Alan Clawley on the latest city centre property developments.
It has been announced that the accountancy firm Price Waterhouse Cooper is the first tenant to sign up to occupy Number One Chamberlain Square in Paradise in 2019. But rather than attracting a global corporation to set up its head office as its ‘preferred location’ as Albert Bore had hoped when he first got the idea of redeveloping Paradise Circus, the council will have to be content to have PWC move its existing 1,400 Birmingham staff a few hundred metres from Cornwall Street to Paradise. PWC will only rent the top four and a half floors of the new building leaving the remaining seven and a half without a taker as yet.
PWC will have calculated the precise financial benefit of moving from its present city centre offices when its lease expires but the Council is not likely to disclose the details of the deal despite the involvement of public money. One could guess the figures from the state of the office rental market but as the company is neither down-sizing nor up-sizing we can safely assume that it has been made an offer it can’t refuse to entice it to move to a building that doesn’t yet exist.
Paradise is one of the City Centre Enterprise Zones set up by the Greater Birmingham and Solihull Local Enterprise Partnership. One of the first decisions of this democratically unaccountable organisation run by businessmen was to release funding of £61 million to pay the Argent to reduce all the buildings in Paradise Circus to rubble and to needlessly divert traffic round one side of the roundabout. There are also financial advantages to business when they locate in a Regeneration Zone.
In May 2014 the Chancellor announced in his Budget that the deadline for accessing business rate discounts and enhanced capital allowance on Enterprise Zones would be extended by three years. This means that businesses have until March 2018 to locate in an EZ to be able to access business rate discounts which could be worth £275,000 per business over 5 years. It would be most surprising if PWC were to miss out on this. Is it beating the deadline by signing a tenancy agreement in 2016?
The fact that the first tenants of Paradise are merely moving from just down the road is not only an indictment of Albert Bore’s ‘global repositioning’ concept that he used to justify the demolition of the Central Library and the huge publicly-funded cost of relocation, but it flouts the spirit if not the letter of the EZ policy.
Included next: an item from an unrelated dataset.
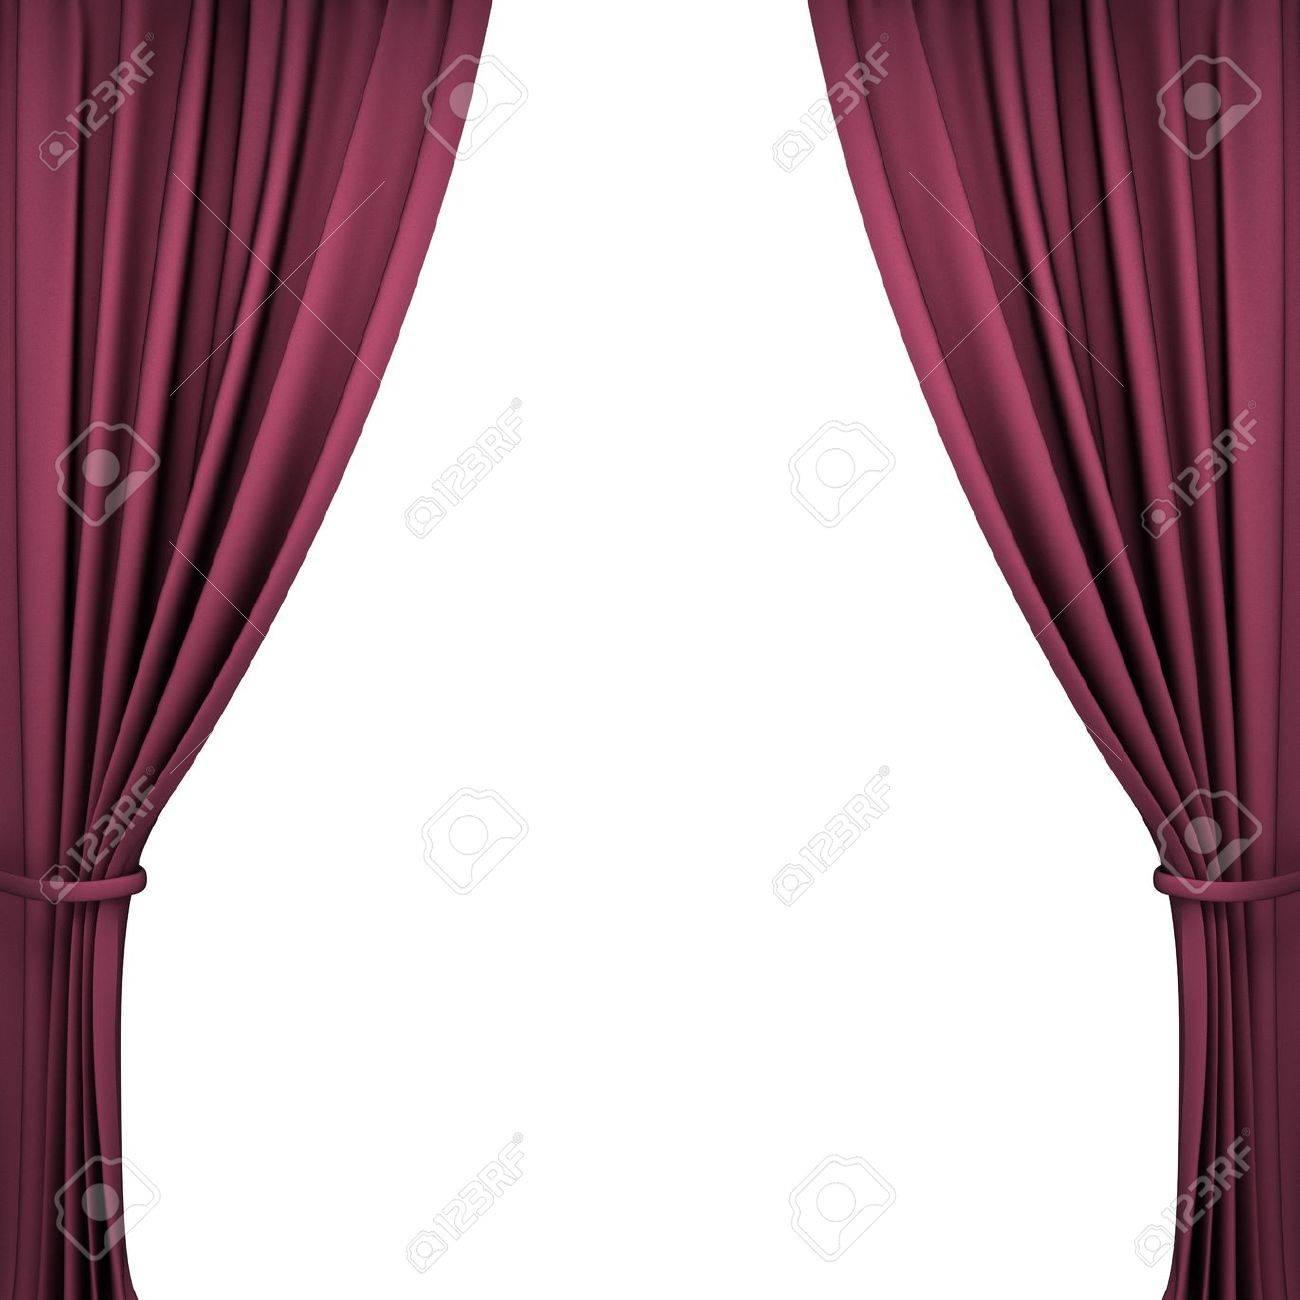 Rood fluweel theater gordijnen op een witte achtergrond royalty ...

The failure to get planning permission for one or more very tall towers on the site further invalidates his original concept. So whilst Number One has been designed by a top London architect Eric Parry it is neither very tall, iconic or even memorable. A global headquarters building would have to be all of these things.
Enterprise Zones are meant to stimulate much-needed economic regeneration in areas that have suffered dramatic decline over many years. They are not meant to encourage highly profitable businesses to move from one set of satisfactory premises to similar premises in the Zone. Moving from Cornwall Street to Paradise will not help PWC to run its business more efficiently or effectively nor will it regenerate Paradise Circus. But it will help PWC to make more profit, at least in the short term. And for now, the developers can breathe a sigh of relief and hope that others will follow in its footsteps.